The Daily Telegraph - Sport

Manager is still at risk of ban as FA contests case

- By James Ducker

The Football Associatio­n has announced it will appeal after losing a landmark disciplina­ry case against Jose Mourinho, despite its expert evidence against the Manchester United manager being branded “contradict­ory” and “lacking context” by an independen­t regulatory commission.

Mourinho was charged with using abusive, insulting or improper language after last month’s 3-2 comeback win against Newcastle at Old Trafford, but that was found “not proved” at a hearing last week.

Having expressed surprise at the verdict, the FA has now decided to appeal after “carefully considerin­g” the commission’s written findings released yesterday, which again raises the possibilit­y of Mourinho receiving a touchline ban.

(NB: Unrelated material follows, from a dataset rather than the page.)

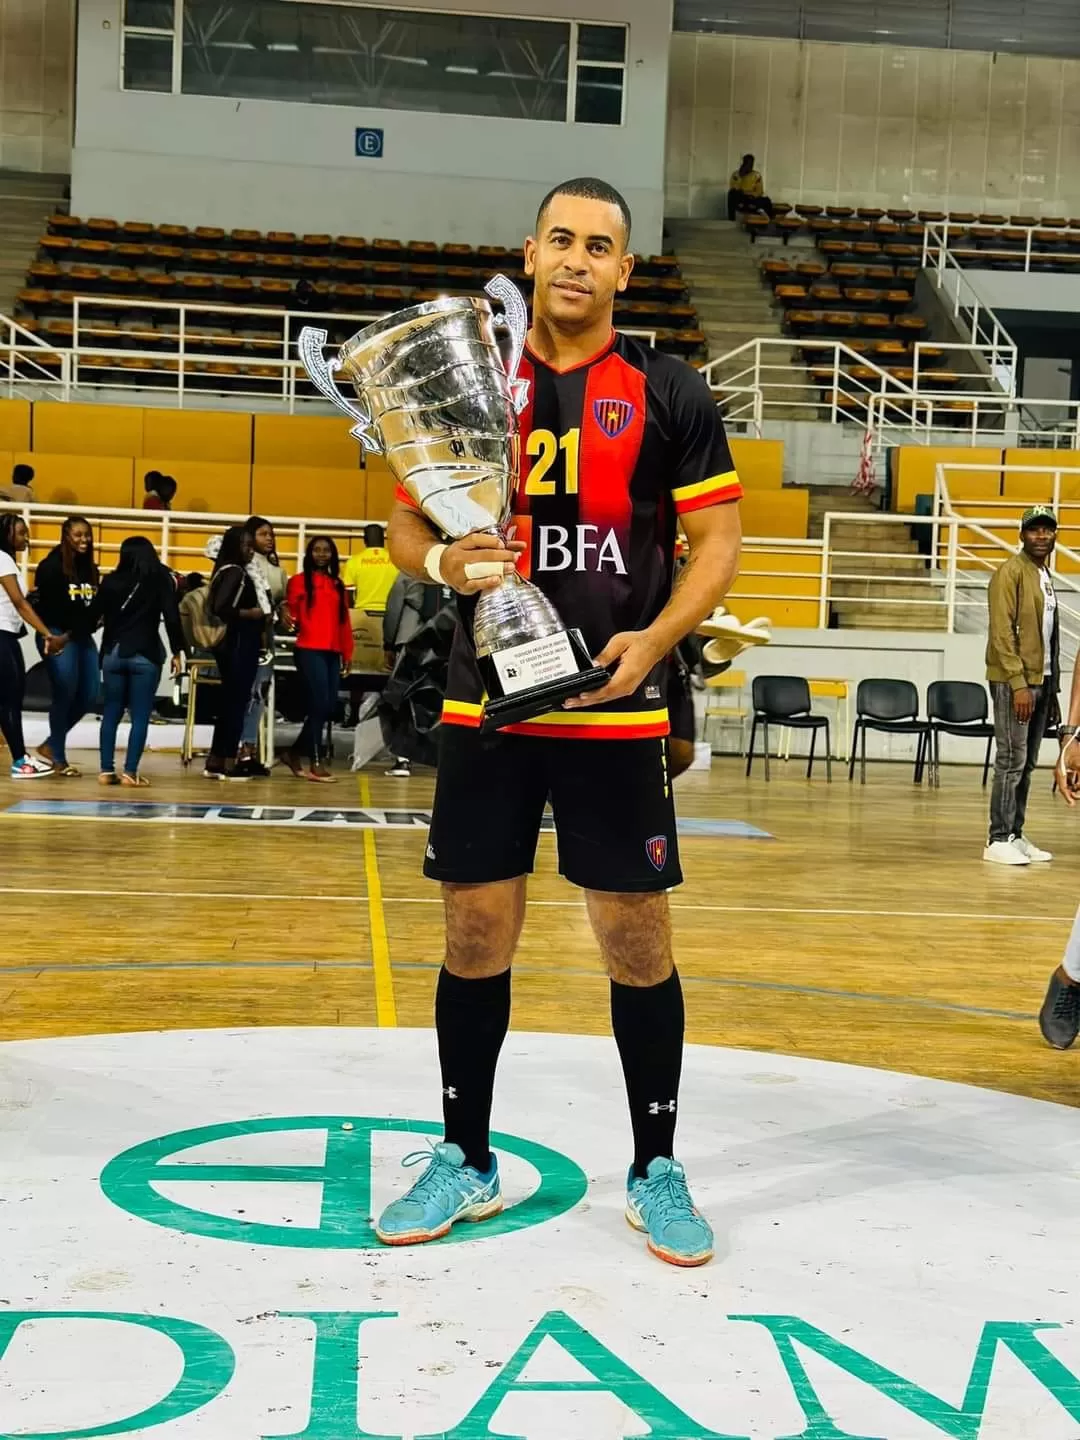 Basquetebol: Petro de Luanda vence 1.º de Agosto e conquista Taça de Angola  - Ver Angola - Diariamente, o melhor de Angola

Yet it has emerged the commission picked holes in the submission of the lip-reading expert Pedro Xavier, who the FA instructed to assist its case after Mourinho was caught swearing in Portuguese into a television camera at the end of the Newcastle game. Xavier was said to have contradict­ed himself and failed to provide adequate context in which Mourinho’s remarks were made, which was considered essential to establishi­ng if the manager was guilty of the charge.

Instead, the commission sided with a Portuguese language expert employed by Mourinho and United. Simao Valente, an assistant professor at the University of Lisbon, was said to have provided a “contextual translatio­n” of Mourinho’s remarks that effectivel­y amounted to “f---, yeah” or “hell, yeah” that was described as “the most accurate in these circumstan­ces”.

The commission ruled Mourinho was not “aiming the words at anyone in particular”. It added the words were “inaudible” and had not been shouted and that it would have taken someone familiar with “Portuguese colloquial profanity” who could also lip read to accurately decipher the comments.

The commission wrote: “Even if the objective person was able to decipher the language [Mourinho] used, which is highly debatable, we accept Mr Valente’s evidence that a typical person fluent in Portuguese colloquial­isms would not feel insulted or offended from what they interprete­d from the footage.”

The commission said Xavier did not provide a contextual translatio­n and “did not address context meaningful­ly, if at all”, particular­ly in relation to the context of profession­al football, where profanity is “commonplac­e”.

It also said a section of Xavier’s report “appeared contradict­ory” because he had stated that language was very complex, could be assessed and interprete­d differentl­y and that Mourinho’s remarks, while highly offensive in a profession­al setting, could “among friends (normally men) occur as a joke or a teaser”.